The expected result is an exact restatement of the data, free of pictures.

AVAILABLE DATA —

◆ ◆ ◆ ◆ ◆ ◆ ◆

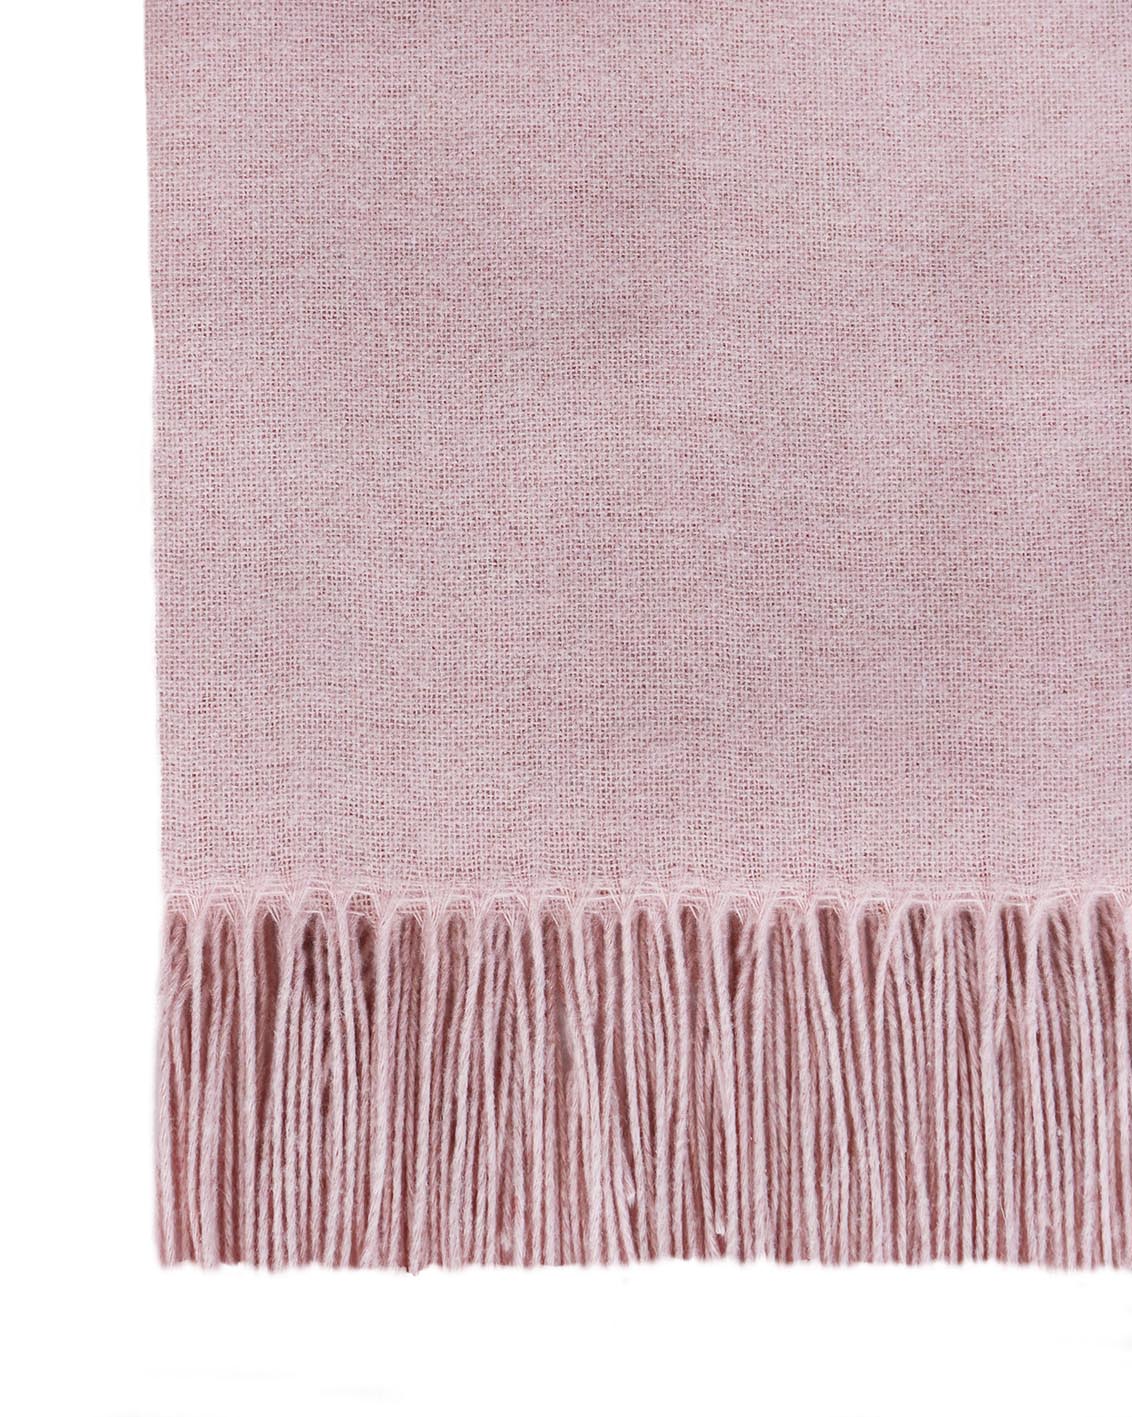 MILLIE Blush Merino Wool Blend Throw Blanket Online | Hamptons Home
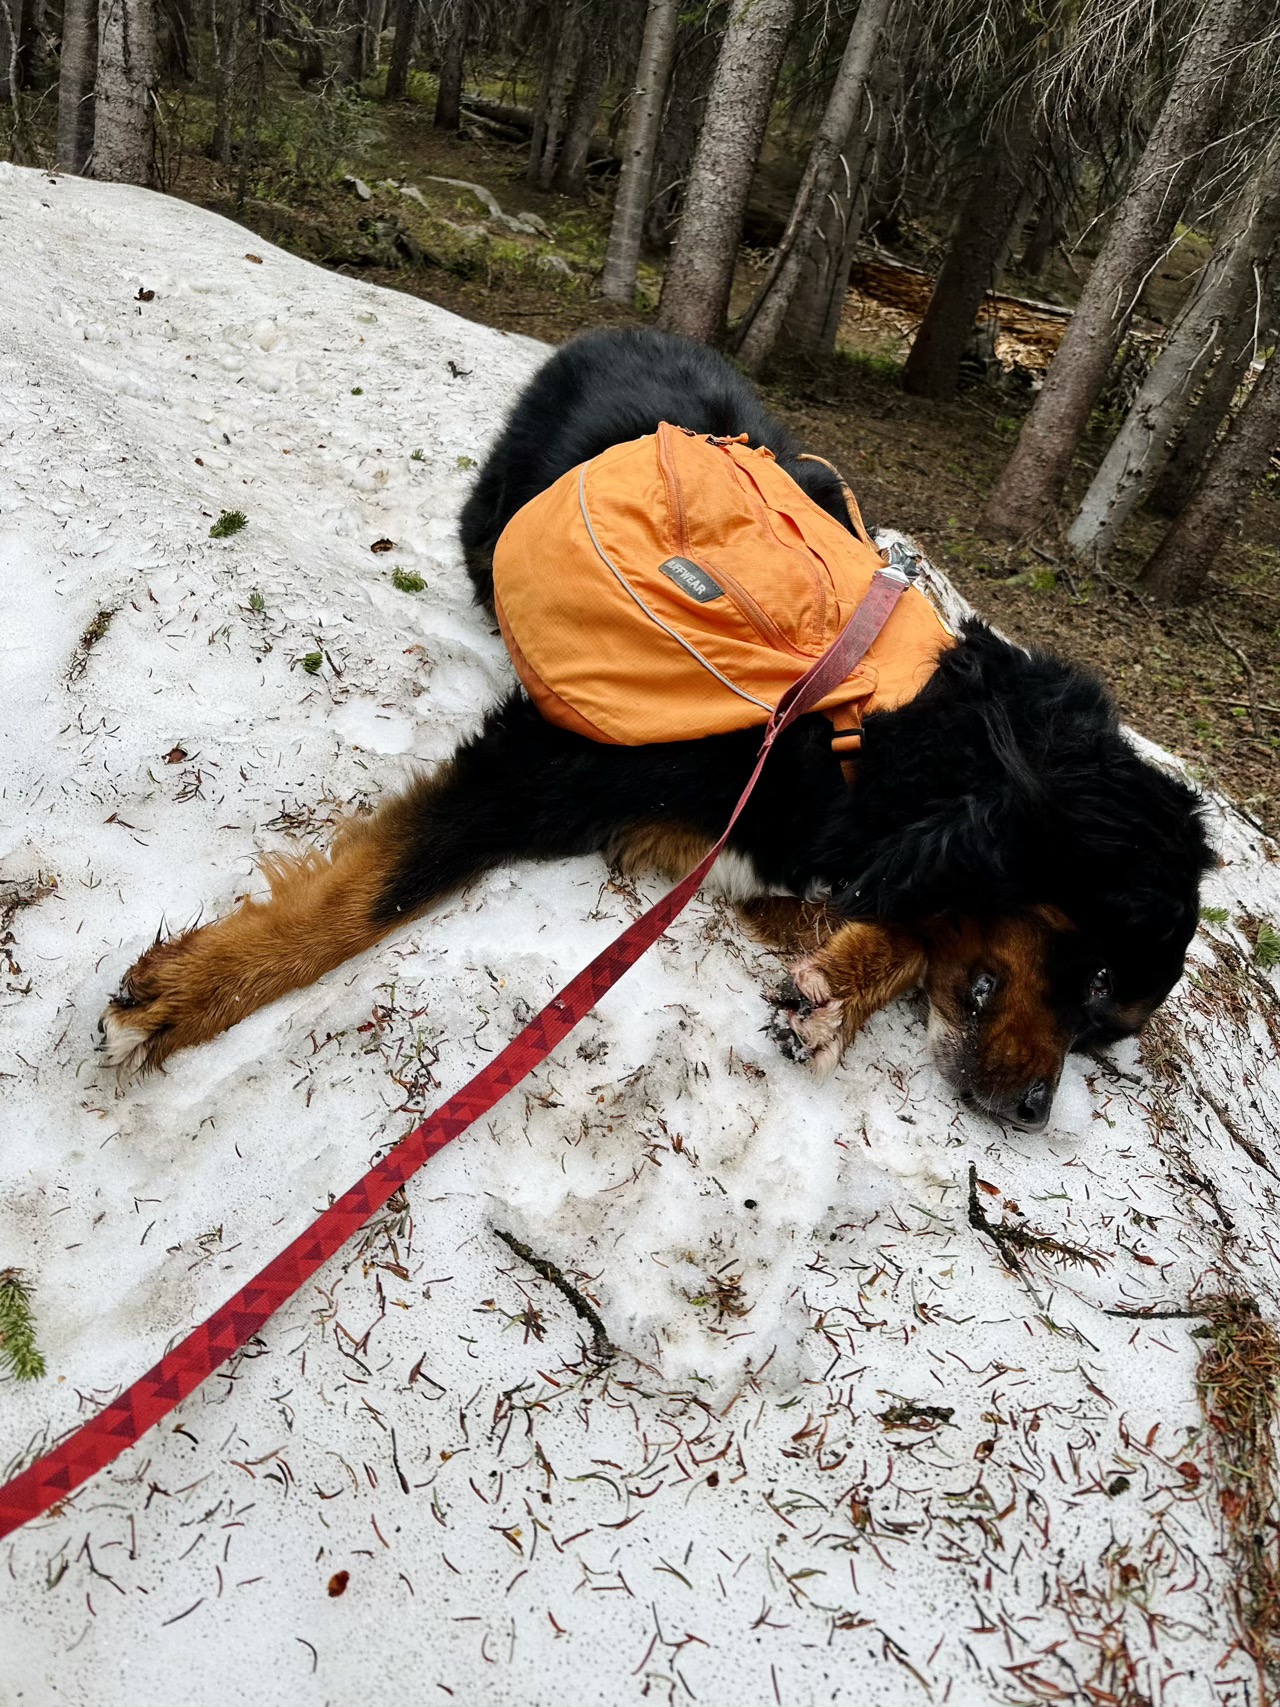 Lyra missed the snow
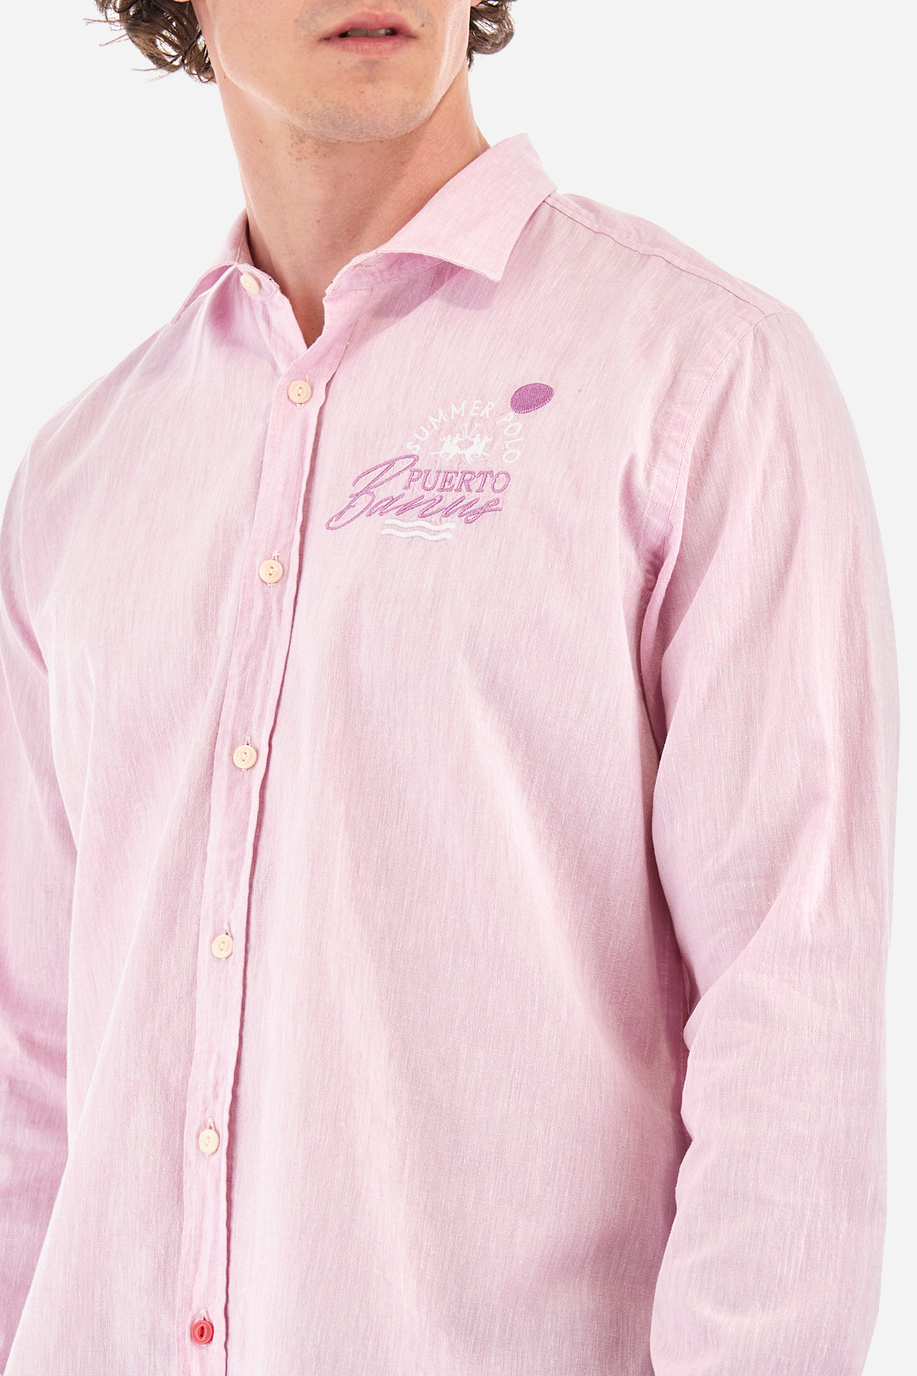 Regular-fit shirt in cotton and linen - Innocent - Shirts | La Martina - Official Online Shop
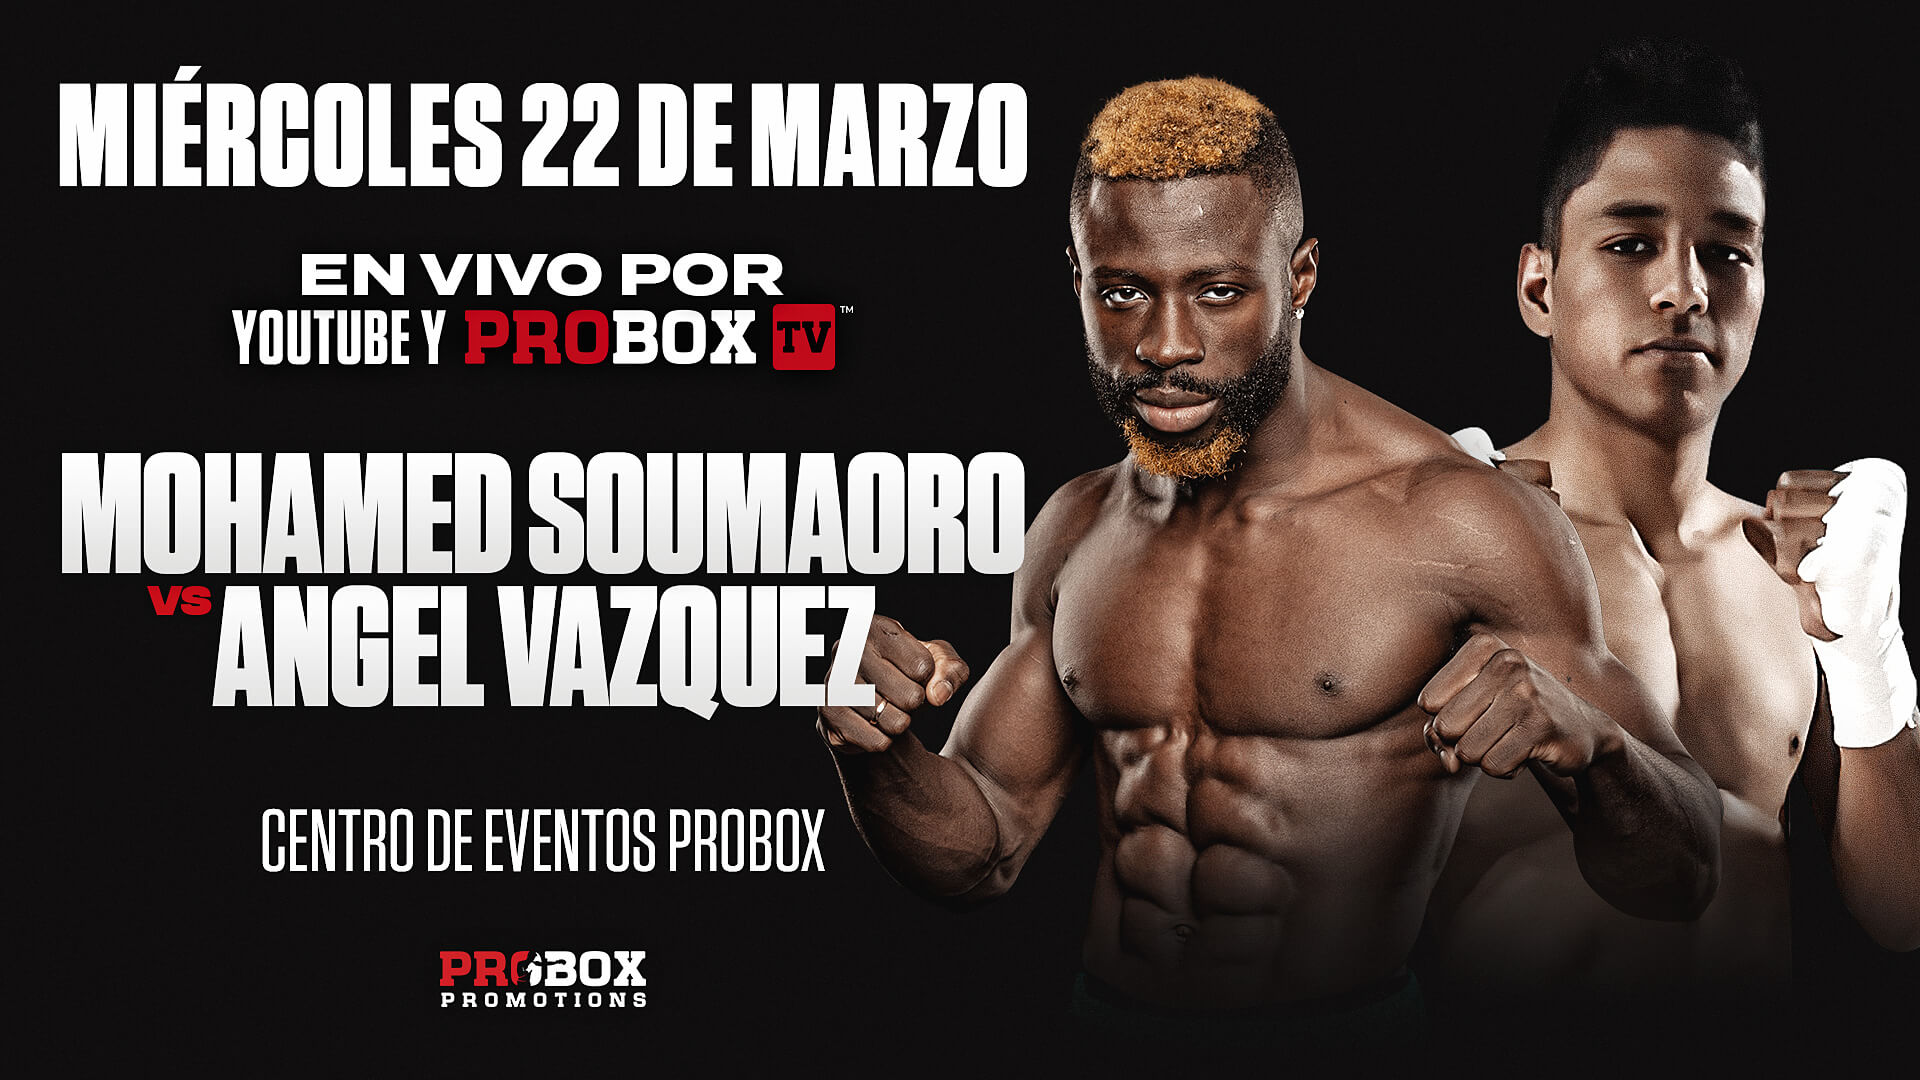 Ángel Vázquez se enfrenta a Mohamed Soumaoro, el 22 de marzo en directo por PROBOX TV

◆ ◆ ◆ ◆ ◆ ◆ ◆

WRITTEN ANSWER —
 MILLIE Blush Merino Wool Blend Throw Blanket Online | Hamptons Home
 Lyra missed the snow
 Regular-fit shirt in cotton and linen - Innocent - Shirts | La Martina - Official Online Shop
 Ángel Vázquez se enfrenta a Mohamed Soumaoro, el 22 de marzo en directo por PROBOX TV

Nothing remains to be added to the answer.